Wednesday, March 19, 2008

Zen and the need to kill the Buddha

So when are you joining the AOL ?, an office colleague asked. A year ago, I would have translated the acronym to be America OnLine. However, as I knew this person and what he is into and based on a discussion before, I knew he was talking about Shri Shri Ravi Shankar’s “Art of Living”.

Not interested, thanks, I said. Trying my best not to give him a piece of my mind.

“How about Baba Ramdev’s discourses then? They are now available on CDs and MP3 s and now he has started visiting Dubai also” , he persisted.

Why do you want me to do that?, I asked.

“Well aren’t you into these things? Your blog has articles about, destiny, God, life journey. Karma etc so you should join them”.

Discretion being the better part of valour, I decided to withdraw by pretending I had some urgent business to finish and we can discuss this later. Back in my room, I decided to make my stand clear on these issues to the world wide web. So here it is. I hope this pest (and several others that I know) read this blog piece so that they do not pester me again with why I should listen to the Babas and Gurus.

We are each on our own personal evolutionary path, and we choose experiences that will help us with this evolution. Years ago in college I read a book by a psychotherapist called Sheldon Kopp titled _”If you meet the Budha on the road, Kill Him”. To know more about the book, click the link below:

http://www.amazon.com/Meet-Buddha-Pilgrimage-Psychotherapy-Patients/dp/0553278320/ref=pd_bbs_sr_1?ie=UTF8&s=books&qid=1205823102&sr=1-1
This book is very Zen and if you aren't familiar with Zen, this is as good a place as any to get an introduction to it. If you cannot be bothered with this (like my wife), then the book’s message (written in 1972!!) is that Killing the Buddha is looking deeply within ourselves, accepting our limitations, our attributes, and everything in between. We are the experts in the journey of our own lives. No one else is. The back cover of the book says: "The most important thing that each man must learn is that no one else can teach him." Very true. (I actually like this line because it then justifies all those moments when I didn’t listen to my teachers at school !!) Yes, your teachers (fellow journeyers on the life path) can give you real life examples and experiences, but in the end the conclusion has to come from your experiences. Self improvement best comes from experiences and the lessons we learn from those experiences. Lessons received without experiences are incomplete. You can have guides BUT avoid guides that force a path down your throat. Choose guides that narrow down the choice of paths for you and let you decide which one is best (need not be right) for you.

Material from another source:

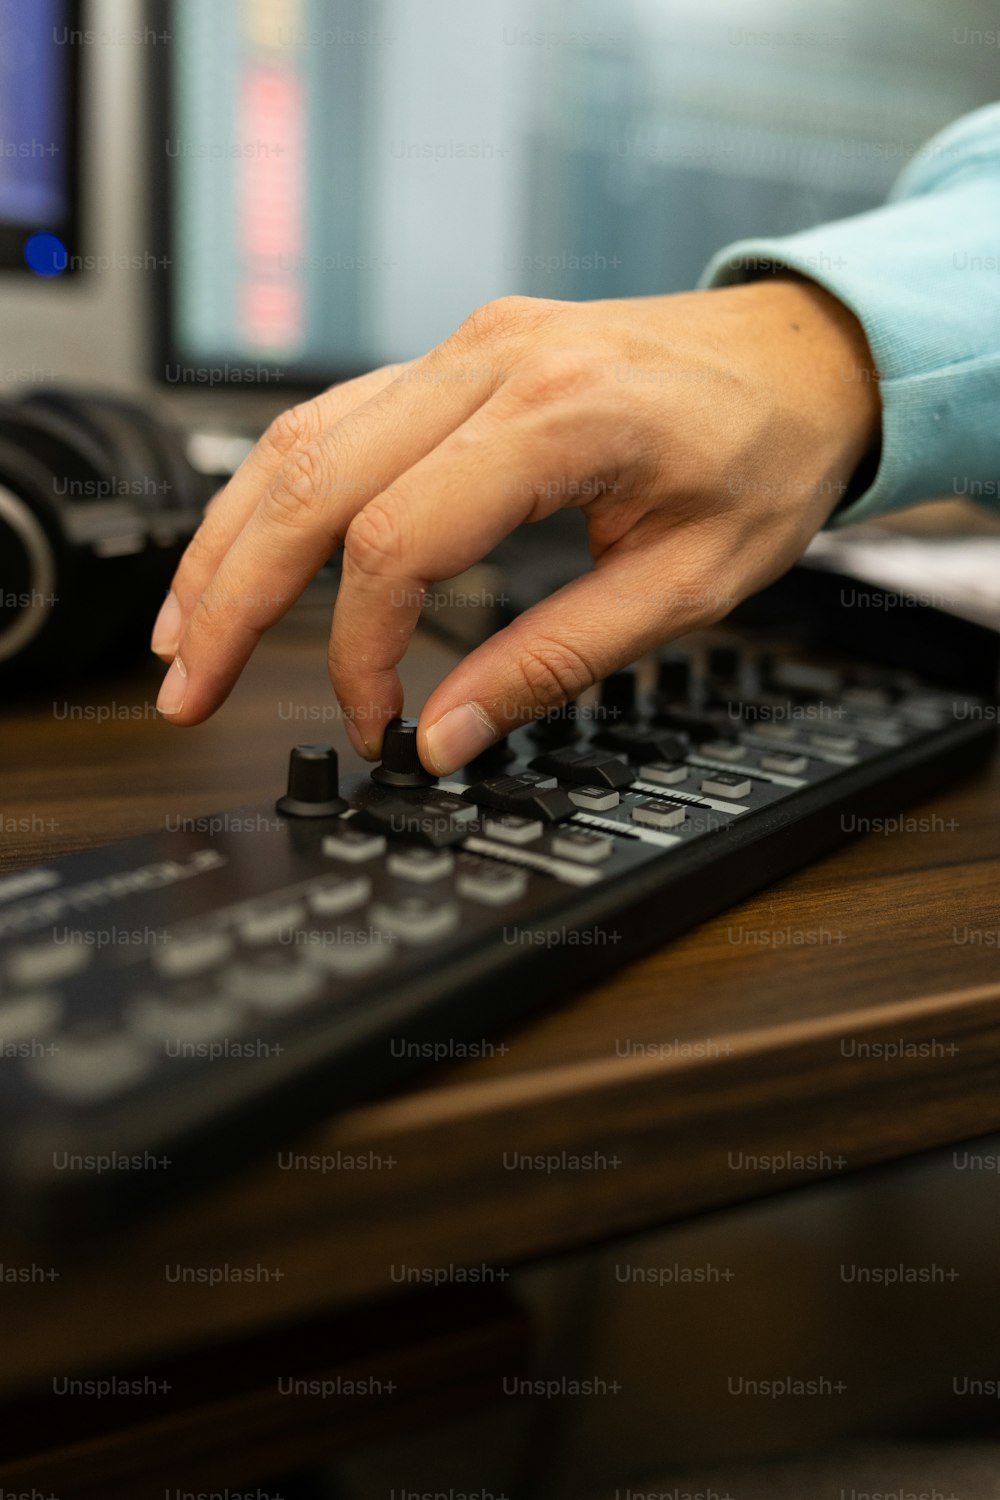 Una persona sta premendo i pulsanti su una tastiera
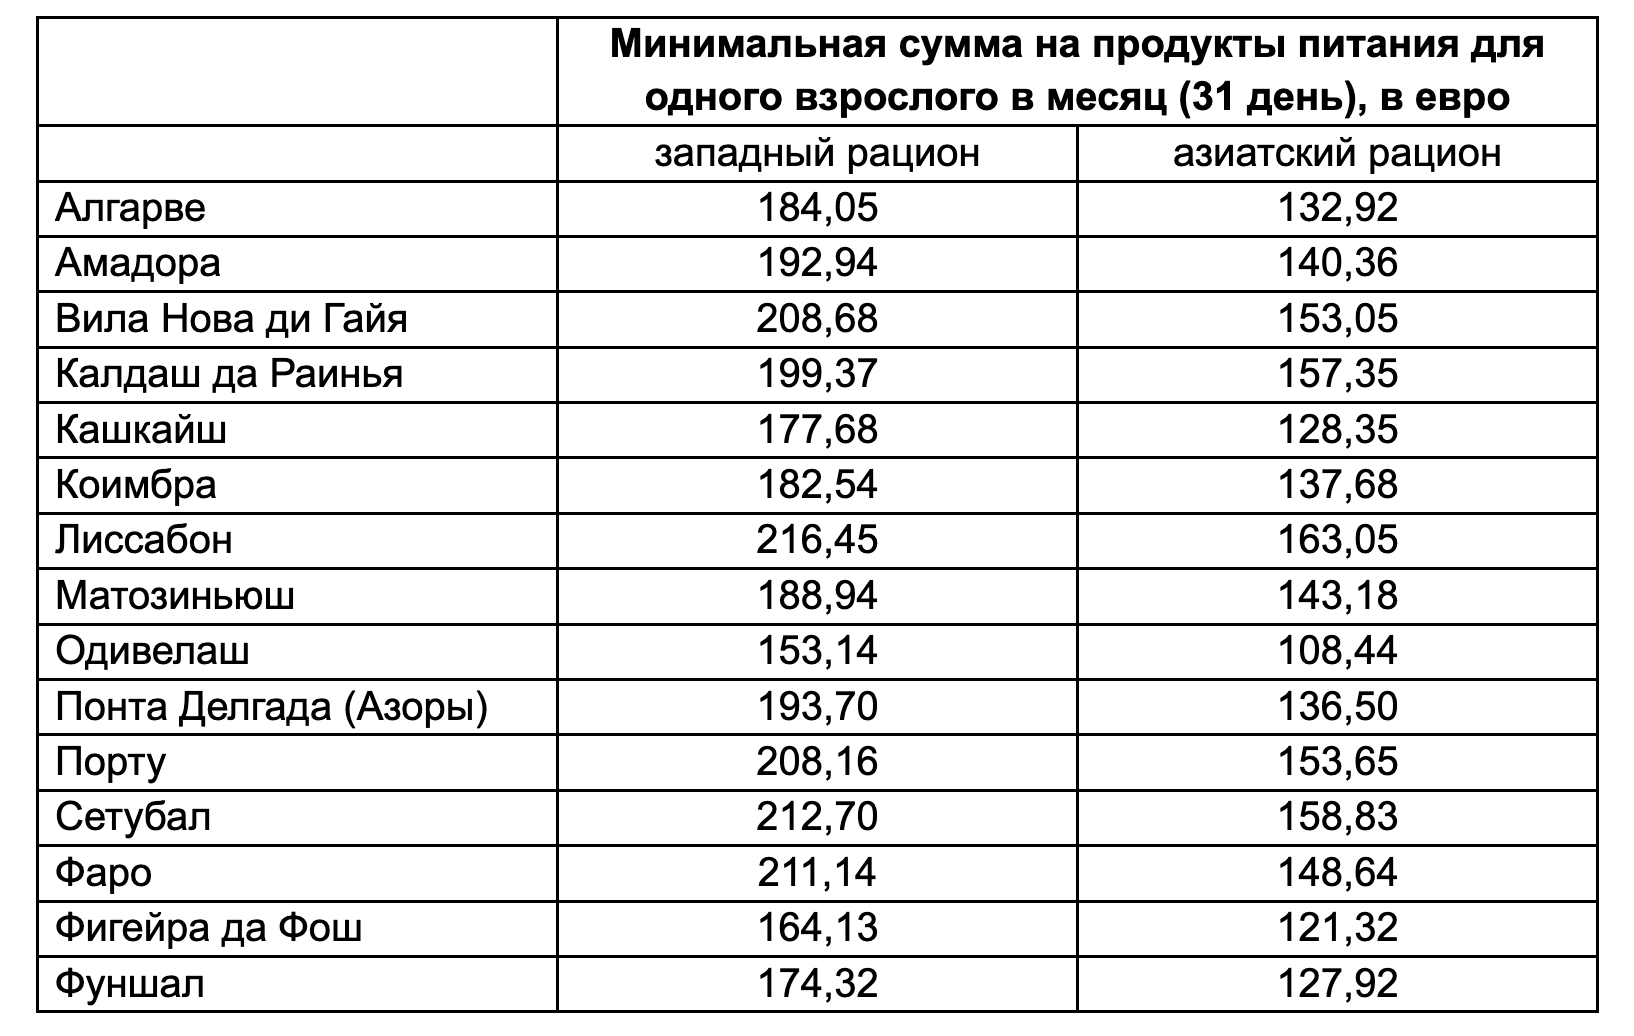 затраты на еду в разных муниципалитетах

Like Siddharth, the character of Herman Hesse’s novel, don’t be a follower of any but your own soul. Neither a practitioner nor a devotee, neither meditating nor reciting, Siddhartha comes to blend in with the world, resonating with the rhythms of nature, bending down to hear answers from the river. The book parallels the life of Buddha and seems to argue that lessons of this sort cannot be taught but come from one's own struggle to find truth. Its the struggle that is more important. Siddhartha embraces suffering and learning in an active and uncynical attempt to find wisdom. For all you know the Guru you are looking for help is himself a struggler but appears not to be so? You are better off trusting yourself. Again, remember, like Siddhartha, sometimes you need to travel down a wrong path to realize what is wrong about the path in order to get on the right path

Look inside yourself for answers. If you need Baba Ramdev and AOL to assist you as facilitators, then yes please go ahead but in the end you should have the courage, the desire, and the thrill of looking inside and discovering yourself. Facing yourself is the most difficult task of all because you can fool the whole world but you cannot fool yourself. No Babas, Gurus, therapists or any priest will or can do that for you – ie. Look inside you. They can be instruments and tools for your self discovery but nothing more. Even if you get things wrong, you are better off making your own mistakes and learning from them. Remember how a child learns to walk? – yes, by falling first of course and then learning how not to fall based on the experience of falling.

Don’t take the easy way out. You have to confront yourself one day……isn’t that the reason why you exist? So do yourself a favour, get off the Guru’s couch and at the same time get the Guru (therapist) off the pedestal. Liberate yourself from all Babas and Gurus, look inside, find yourself and then look up ….you will find a path that has your name written on it and keep walking until you reach your destiny at the end of it. Walk on anyone else’s path and you will reach some one else’s destiny, not your own. You are supposed to struggle, you are just another struggling human. If you do not struggle you will not learn to walk !! It is more important to be struggling to walk in your own path rather than walking tall on someone else’s life path.

Do it yourself, do it right but just do it. Kill the Buddha and discover yourself.